Тутъ Храповицкій кликнулъ его, усадилъ и началъ диктовать:
— Пиши… Его высокоблагородію… коллежскому… совѣтнику… и… кава-ле-ру… господину… инспектору… россійской… драматической… труппы… отъ актрисы… Азаревичевой… — и пошелъ и пошелъ приказнымъ слогомъ излагать ея просьбу къ себѣ самому. Окончивъ диктовку, онъ велѣлъ Азаревичевой подписать; отдалъ просьбу ей; потомъ, по формѣ, велѣлъ подать себѣ, что Азаревичева и исполнила, едва удерживаясь отъ смѣху… Храповицкій, очень серьезно, вслухъ, прочелъ свое диктованіе и отвѣчалъ:
— Знаете ли что? Его сіятельство никакъ не согласится на вашу просьбу и я никакъ не могу напрасно его безпокоить. Совѣтую вамъ лично его попросить, — это другое дѣло!
И тутъ же разорвалъ только что поданную ему бумагу. Азаревичева глаза вытаращила:
— Что же за комедія? Вы бы мнѣ сначала такъ и сказали; а то зачѣмъ же заставили меня подписывать бумагу?

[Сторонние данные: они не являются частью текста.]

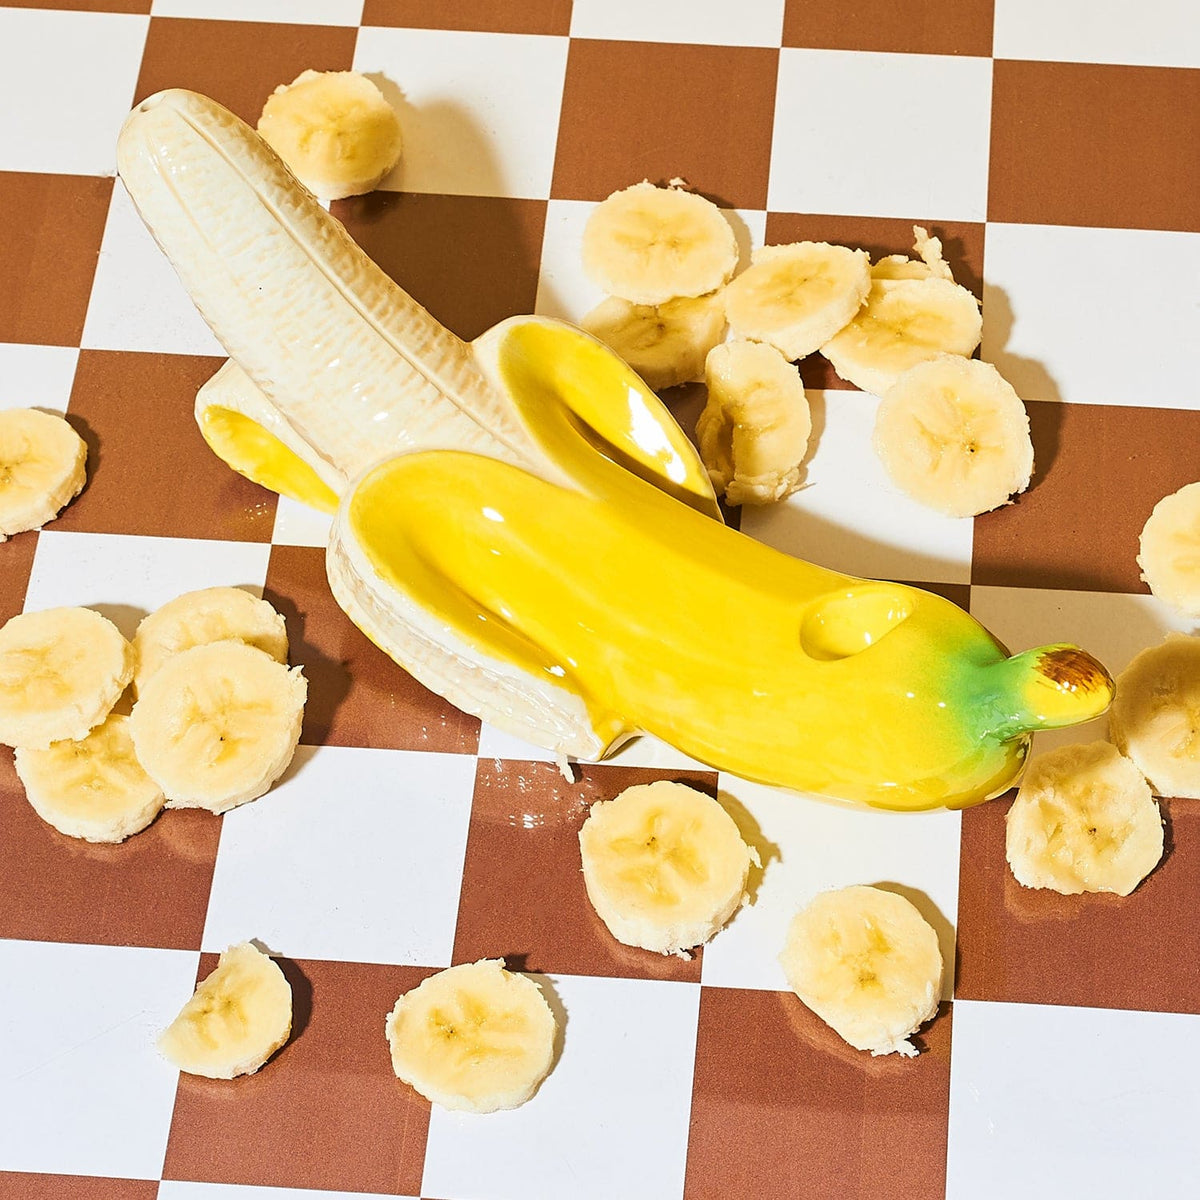 Peeled Banana Pipe 82552 0323 - Q123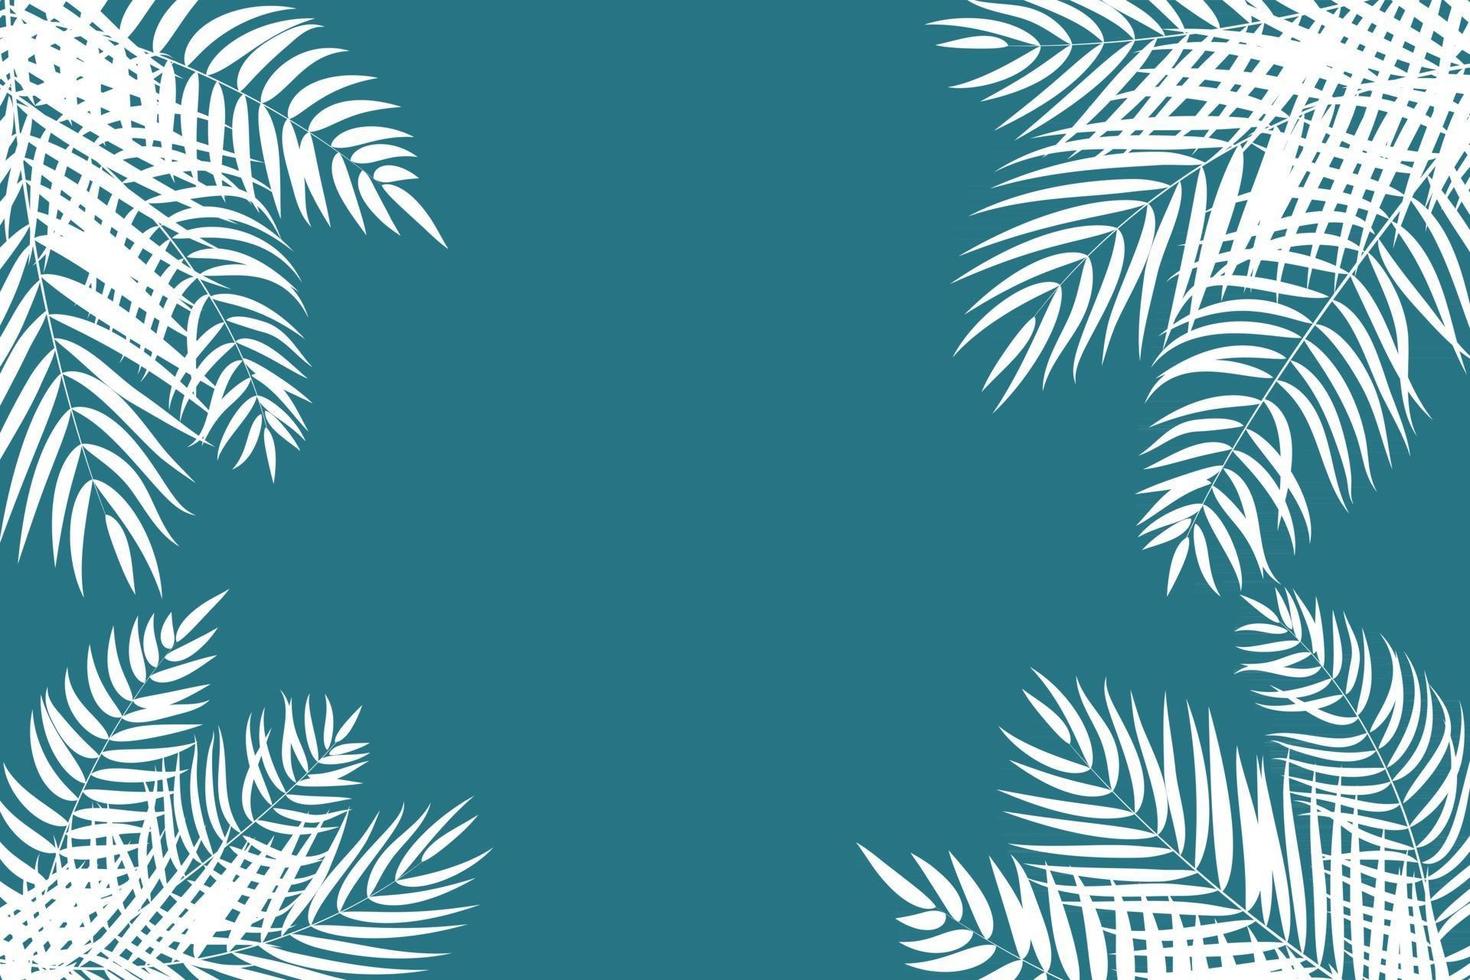 Ilustración de vector de fondo de silueta de hojas de palmera hermosa

— Сначала я не сообразилъ! — глубокомысленно отвѣчалъ онъ, — а вы, сударыня — дѣвица, и потому не понимаете формы.
Въ 1840 годахъ, въ Италіи происходили событія, въ которыхъ главную роль игралъ папа Пій IX. Всѣ тогдашнія газеты наполнялись исключительно извѣстіями о дѣйствіяхъ папы; онъ служилъ темой и для разговоровъ въ высшемъ обществѣ, причемъ его обыкновенно называли Пій-нёфъ. На вечерѣ у Д. Г. Бибикова, присутствовавшіе сообщали другъ другу послѣднія новости, полученныя изъ Италіи, и безпрестанно упоминали о Піѣ-нёфъ. Находившійся въ числѣ гостей, извѣстный фронтовикъ, командиръ четвертаго пѣхотнаго корпуса, генералъ Чаадаевъ, вслушавшись въ разговоръ, сказалъ съ азартомъ:
— Только и слышу о Пиневѣ; куралеситъ да и только! Эта шельма должно быть русскій, по фамиліи слышно: Пиневъ. Конечно, русскій, подлецъ! Что государь его не вытребуетъ; отдалъ бы мнѣ, я его бы продернулъ! забылъ бы о революціяхъ!
Графиня Анна Родіоновна Чернышева, жена генералъ-фельдмаршала и главнокомандующаго въ Москвѣ, графа Захара Григорьевича Чернышева, была очень добрая, но вмѣстѣ съ тѣмъ гордая и недоступная женщина.